Chautauqua focuses on international affairs this week with a series of lectures on the importance and practice of diplomacy. Frequent Chautauqua lecturer R. Nicholas Burns, formerly the third-ranking State Department official, opens the week with an introduction to and history of U.S. diplomatic efforts. Brookings Institution senior fellow Robert Kagan, author of The World America Made, offers remarks on the state of U.S. diplomacy and how the rest of the world relates to us on Tuesday. State Department spokesperson Victoria Nuland will lecture Wednesday from her experiences as NATO ambassador and in her current capacity, as the State Department’s “ambassador” to the public and the press. The Washington Institute’s Dennis Ross, a former special assistant to President Obama, closes the week on Friday with stories from the front lines of Middle East policymaking and peace negotiations.


Confirmed Lecturers

Monday 8/5
Tuesday 8/6
Wednesday 8/7
Thursday 8/8
Friday 8/9

R. Nicholas Burns

Robert Kagan

Victoria Nuland

Dennis Ross

Monday–Friday, August 5–9 @ 10:45 a.m.

Monday, August 5

R. Nicholas Burns

director, Future of Diplomacy Project, Harvard Kennedy School
former U.S. under secretary of state for political affairs

A 27-year veteran of the U.S. Foreign Service, R. Nicholas Burns is professor of the practice of diplomacy and international politics at the John F. Kennedy School of Government at Harvard, director of the Future of Diplomacy Project and faculty chair for the programs on the Middle East and on India and South Asia.

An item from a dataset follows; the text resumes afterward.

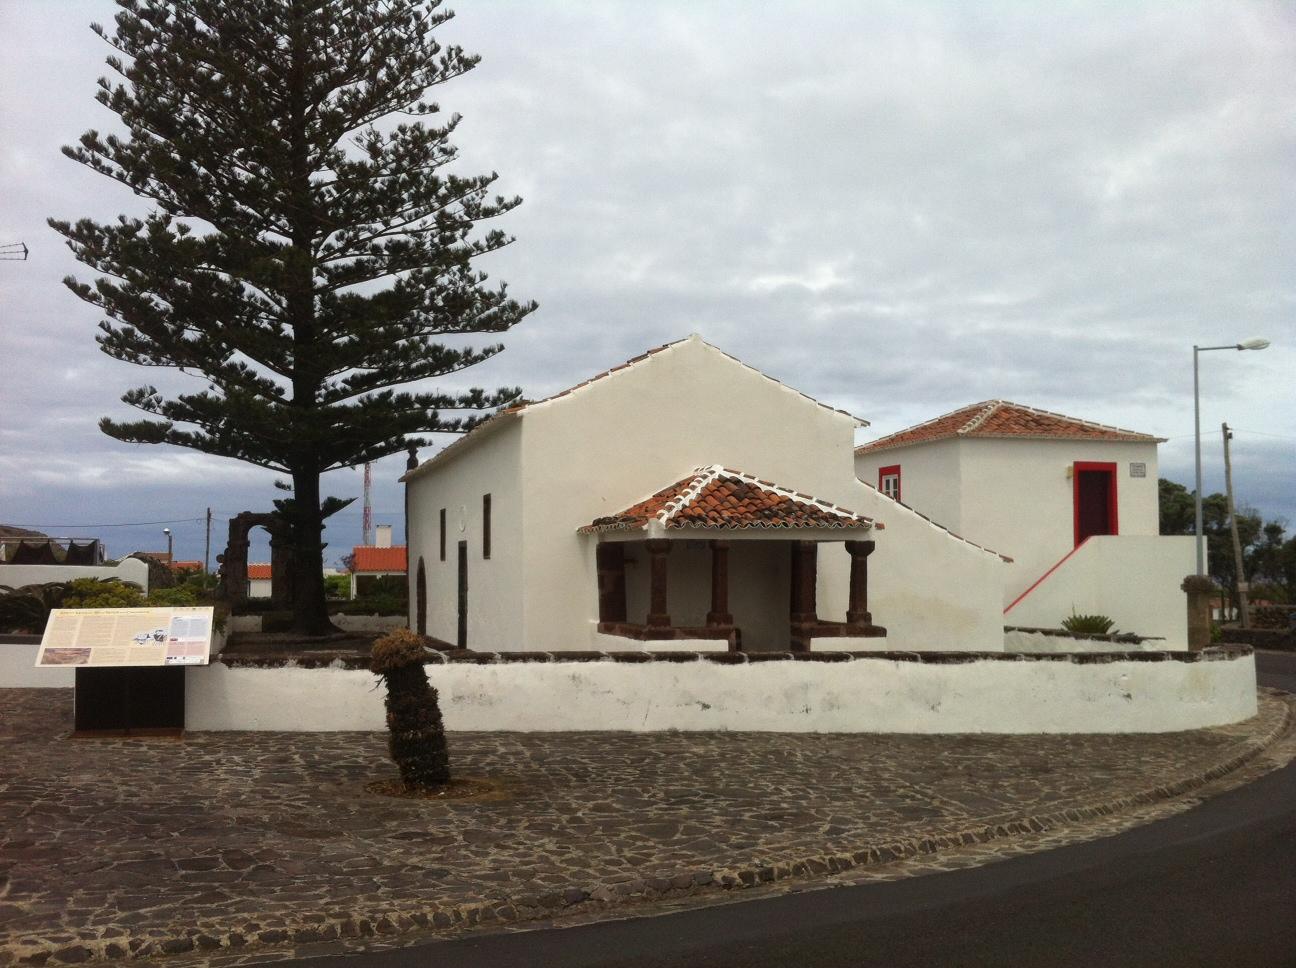 The small church ofde Nossa Senhora dos Anjos,Baìa dos Anjos, Santa Maria

As the State Department’s third-ranking official from 2005 to 2008, Burns led negotiations on the U.S.-India Civil Nuclear Agreement, on a long-term military assistance agreement with Israel and on Iran’s nuclear program. Previously, he was U.S. ambassador to NATO and to Greece; State Department spokesman; the National Security Council’s senior director for Russia, Ukraine and Eurasia affairs and special assistant to President Bill Clinton; and director for Soviet affairs in the administration of President George H.W. Bush.

Burns is director of the Aspen Strategy Group, serves on the boards of several for-profit and nonprofit organizations and is a member of the Council on Foreign Relations. He has received the Secretary of State’s Distinguished Service Award, the Woodrow Wilson Award for Public Service from The Johns Hopkins University, where he earned his master’s degree in international relations, and the Alumni Achievement Award from Boston College, where he earned a degree in history.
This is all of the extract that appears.